> _PROBLEM DETAILS_:
Images should not appear in the copy, yet every line of the listing below must be printed exactly.

> _DATA PROVIDED_:
________________________

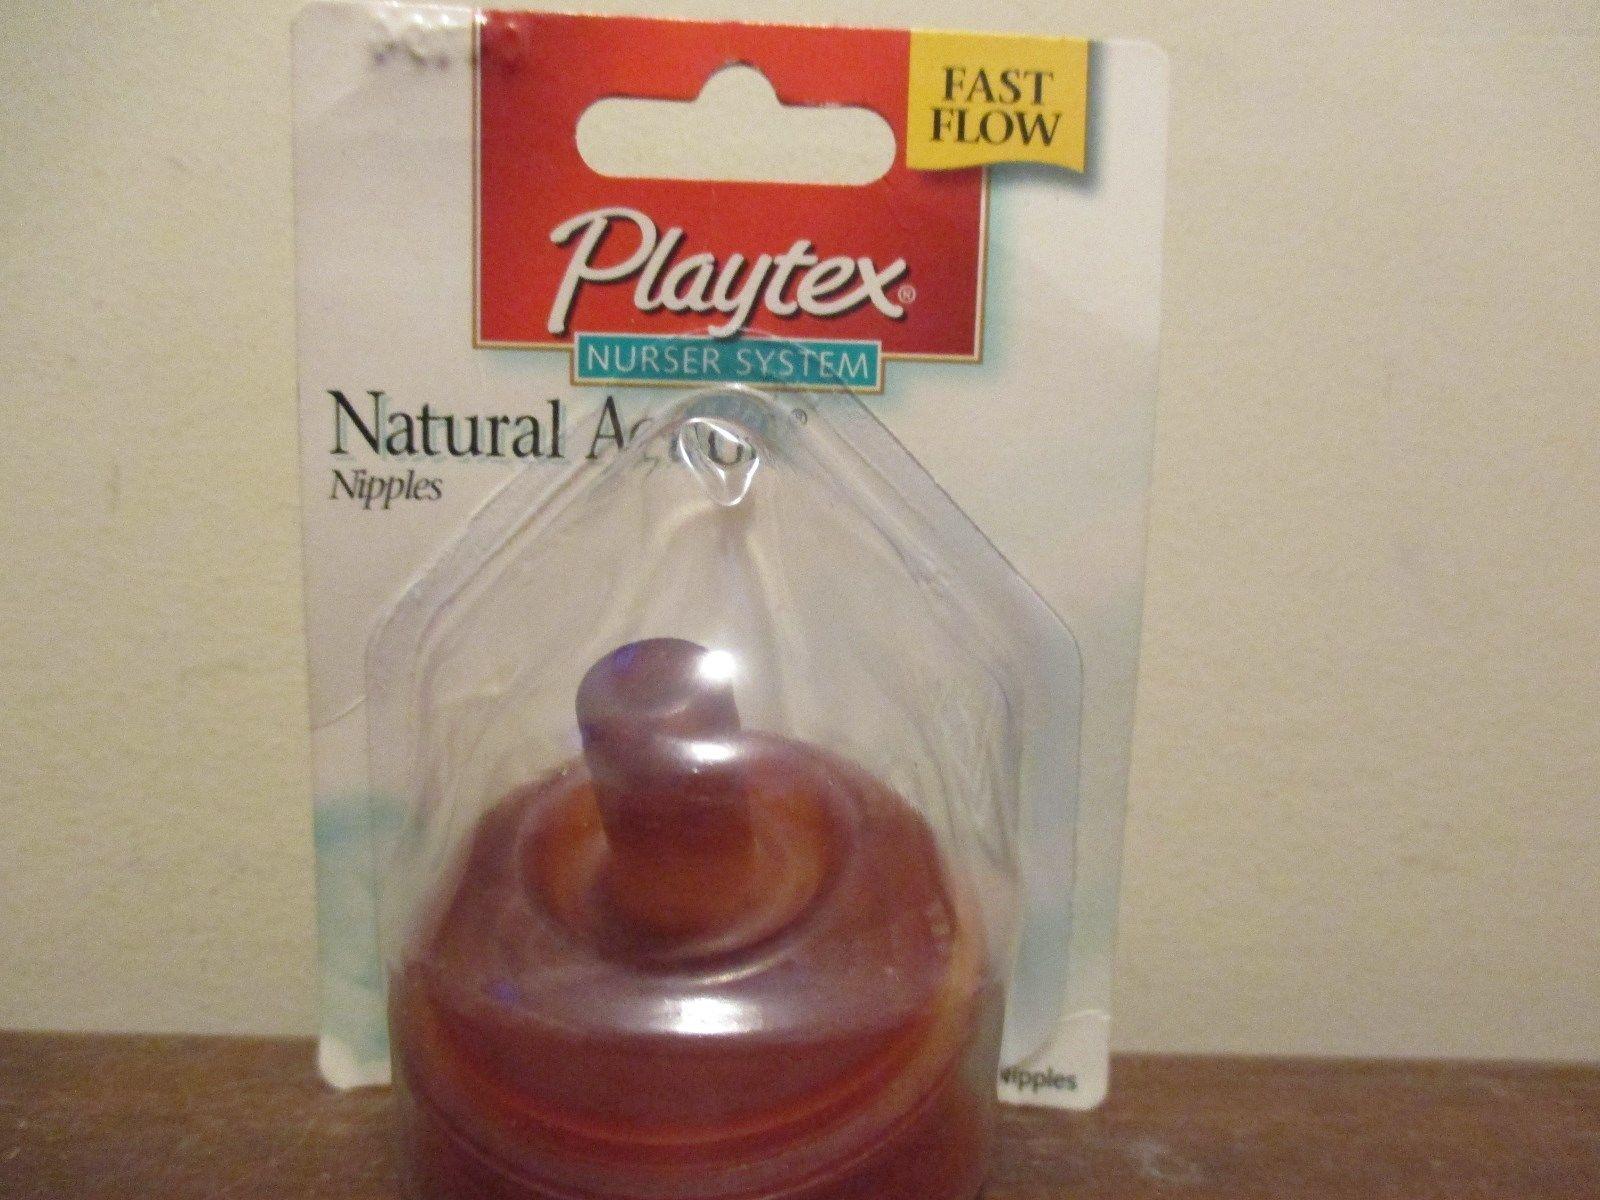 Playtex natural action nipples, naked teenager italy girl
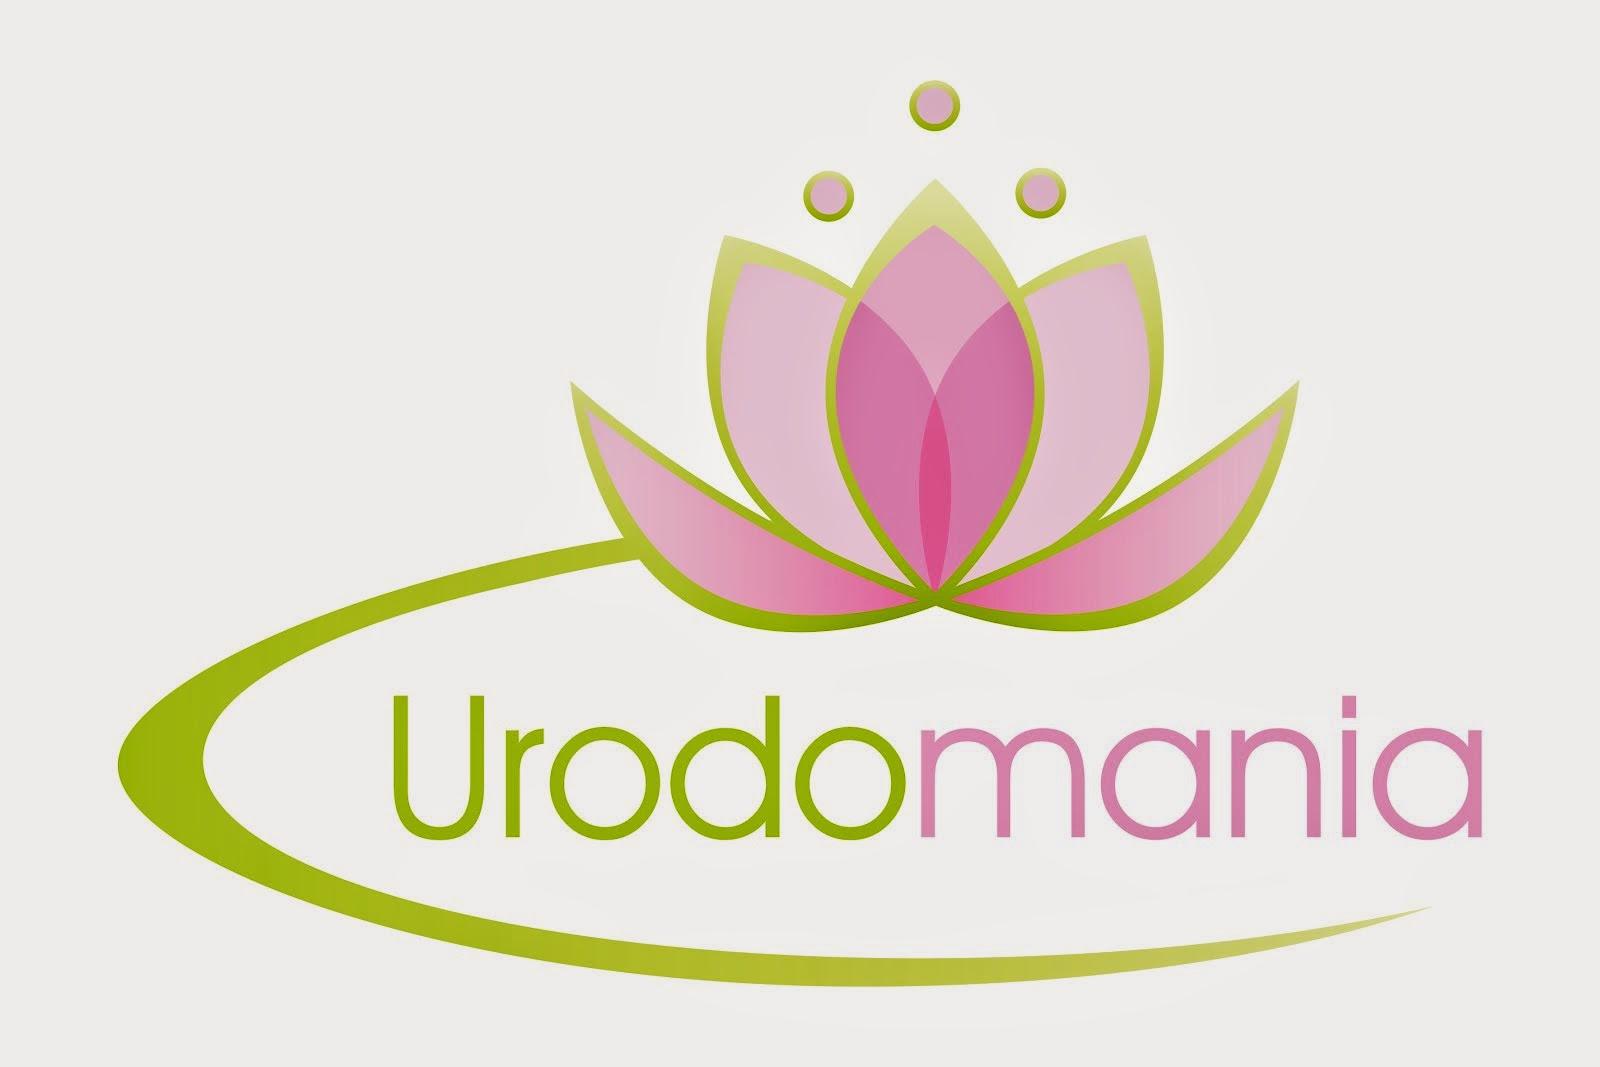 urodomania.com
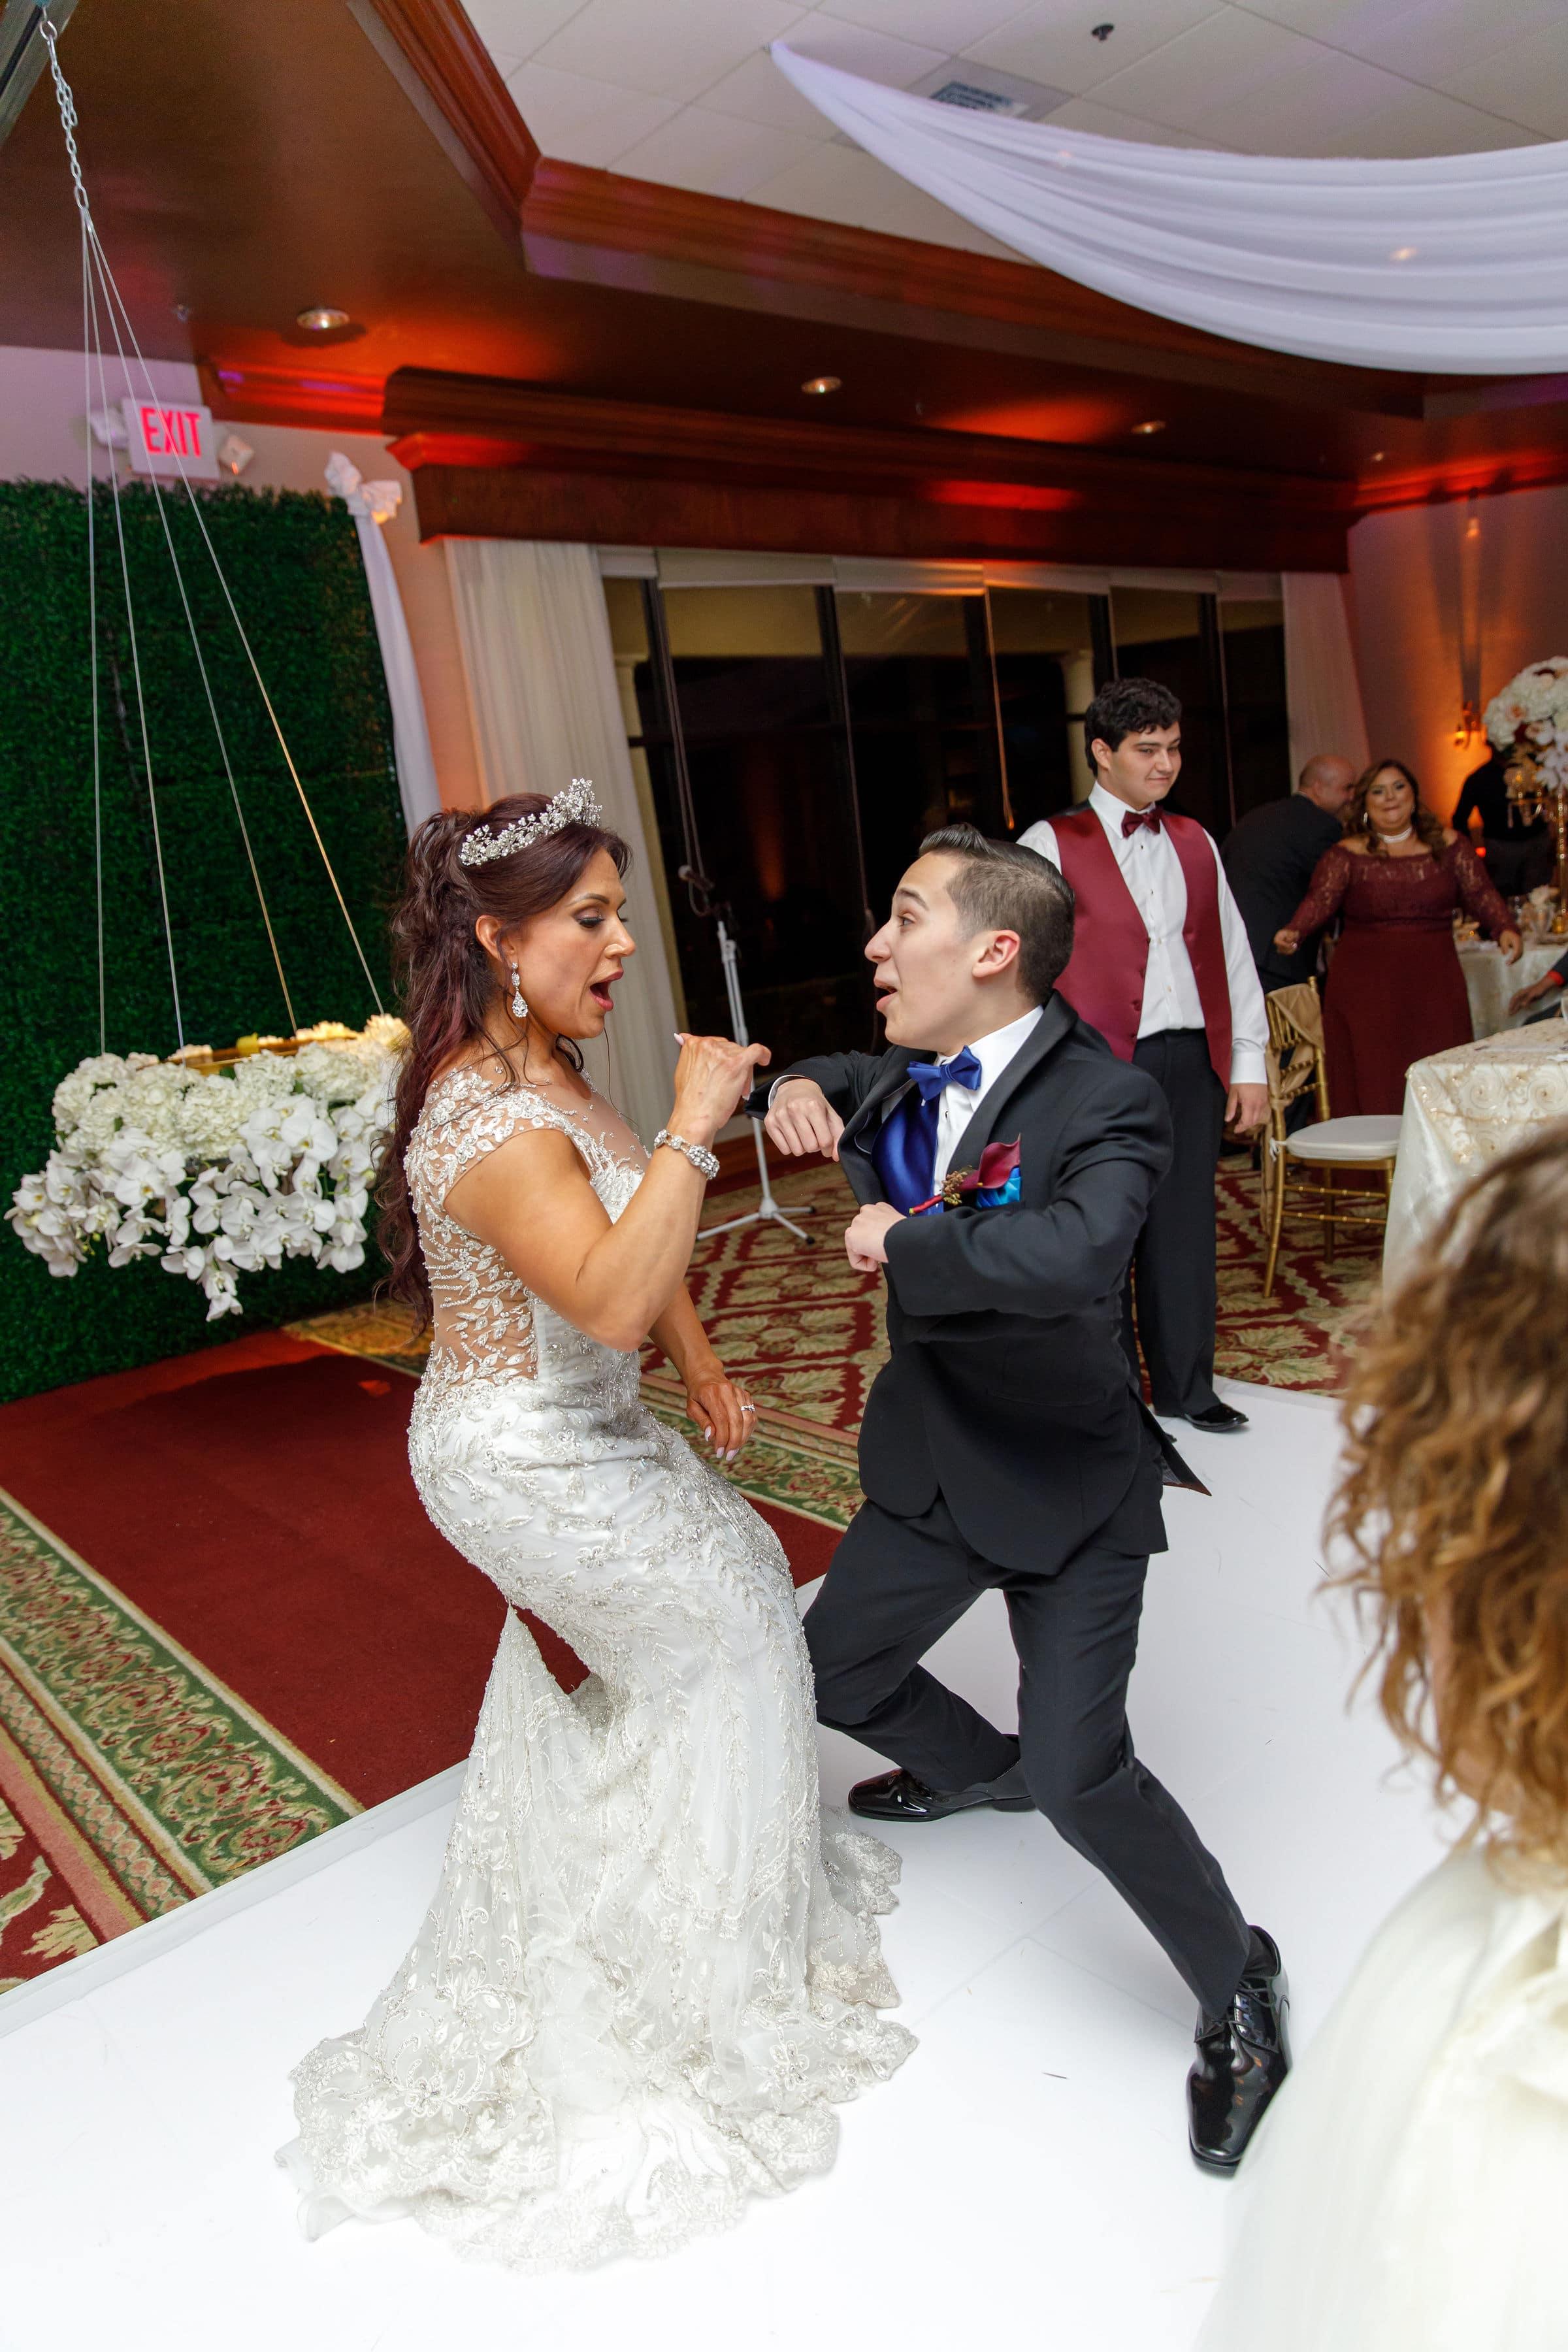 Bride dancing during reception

________________________

> _PROBLEM SOLUTION_:
 Playtex natural action nipples, naked teenager italy girl
 urodomania.com
 Bride dancing during reception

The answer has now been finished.